Other emerging market countries also have boosted interest rates recently, including India on Tuesday, which raised its rate from 7.75 percent to 8 percent to try and stem inflation. Brazil earlier this month hiked interest rates to 10.5 percent, and South Africa also just announced a modest rate hike.
Given these rates, putting your money in foreign-currency CDs may certainly be tempting, with their higher CD rates. But as shown in Turkey, foreign currency rates can make sudden dips or jumps.
Foreign-currency CDs are naturally issued in that country’s currency, meaning that U.S. investors will exchange their dollars for Indian rupees or Brazilian reals or Turkish liras so they can invest in the CD. Then when the CD matures, the money is converted back to dollars.
But that exchange process means that a strengthening U.S. dollar (or weakening foreign currency) can wipe out those interest rate returns.
“It may be a dangerous game to buy a currency simply because of the yield,” said Axel Merk, president of Merk Investments. He noted that CDs have a fixed maturity date, meaning investors could be getting their money back at a time when the exchange rate is not favorable.
“Turkey and South Africa have political instability that leads to them being vulnerable. Raising rates won’t fix the underlying political challenges. As such, these places are going to be vulnerable,” Merk said. He said India is somewhat different because its new central bank governor is imposing more sustainable policies, although he said India is “still vulnerable during turbulent times.”

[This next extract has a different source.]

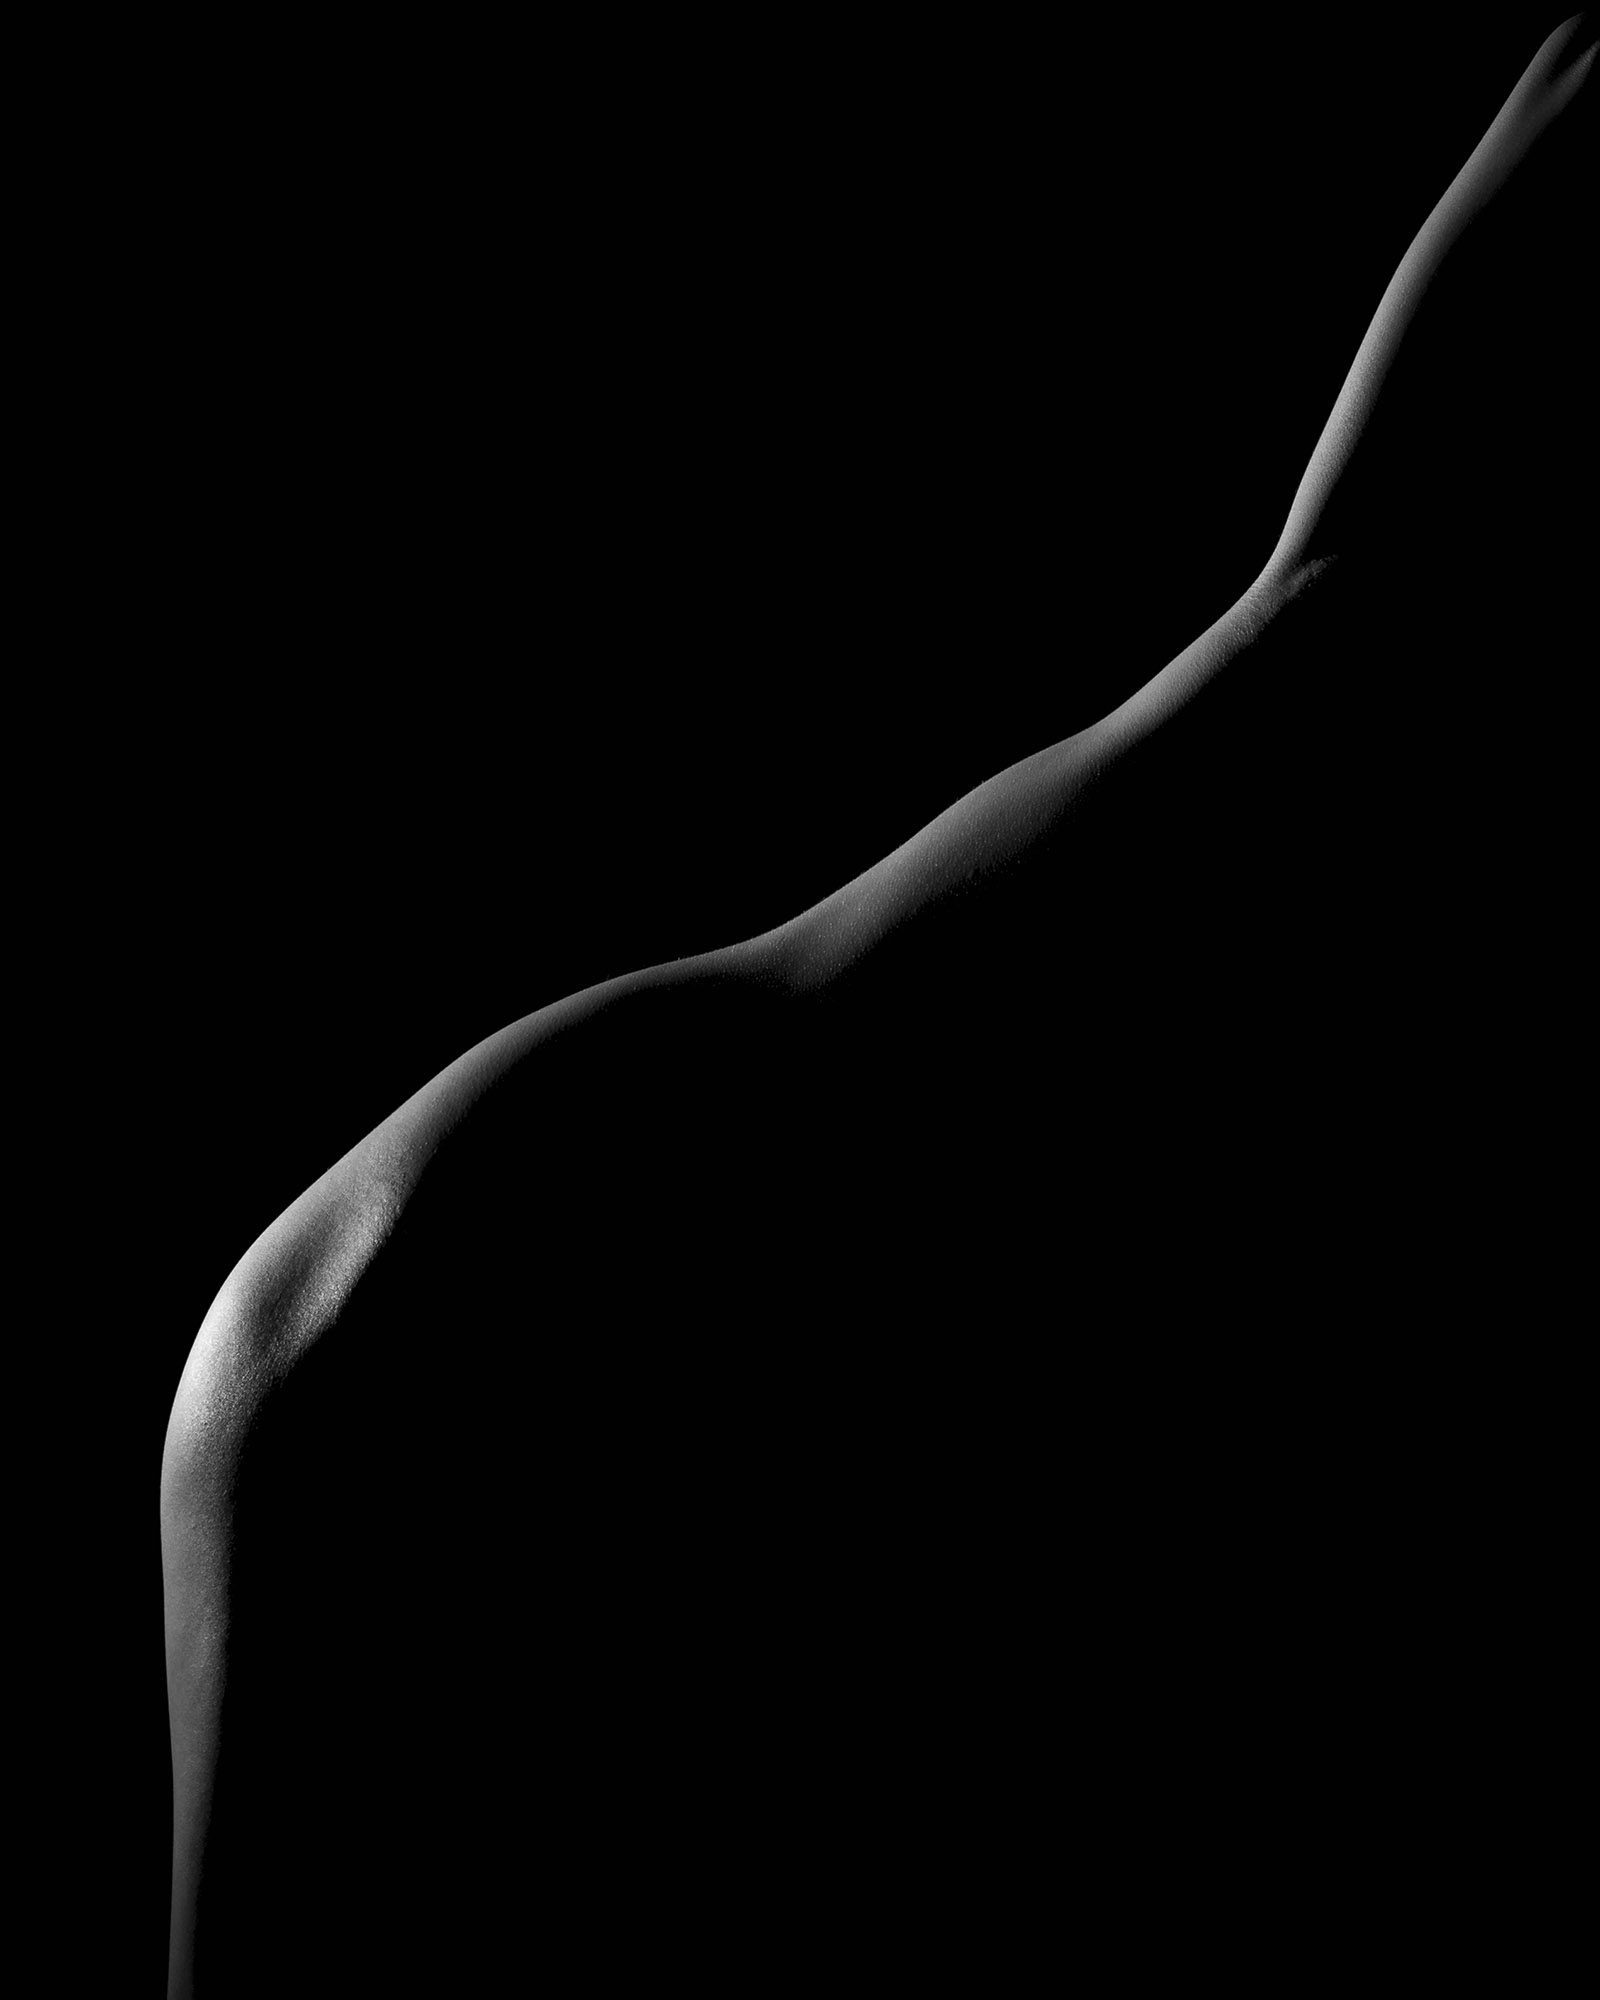 Amanda Adrienne Nude nude — fitness & bodybuilding photography | mark ruddick

Anyone looking to invest in a foreign CD should be aware of any currency volatility and realize that these CDs are riskier than domestic CDs. If you do decide to get into foreign-currency CDs, Merk said buying a basket of currencies might be safer than a single-currency CD.
Have you ever invested in foreign currency, or ever thought about doing so? Should you invest in foreign CDs to take advantage of the higher CD rates?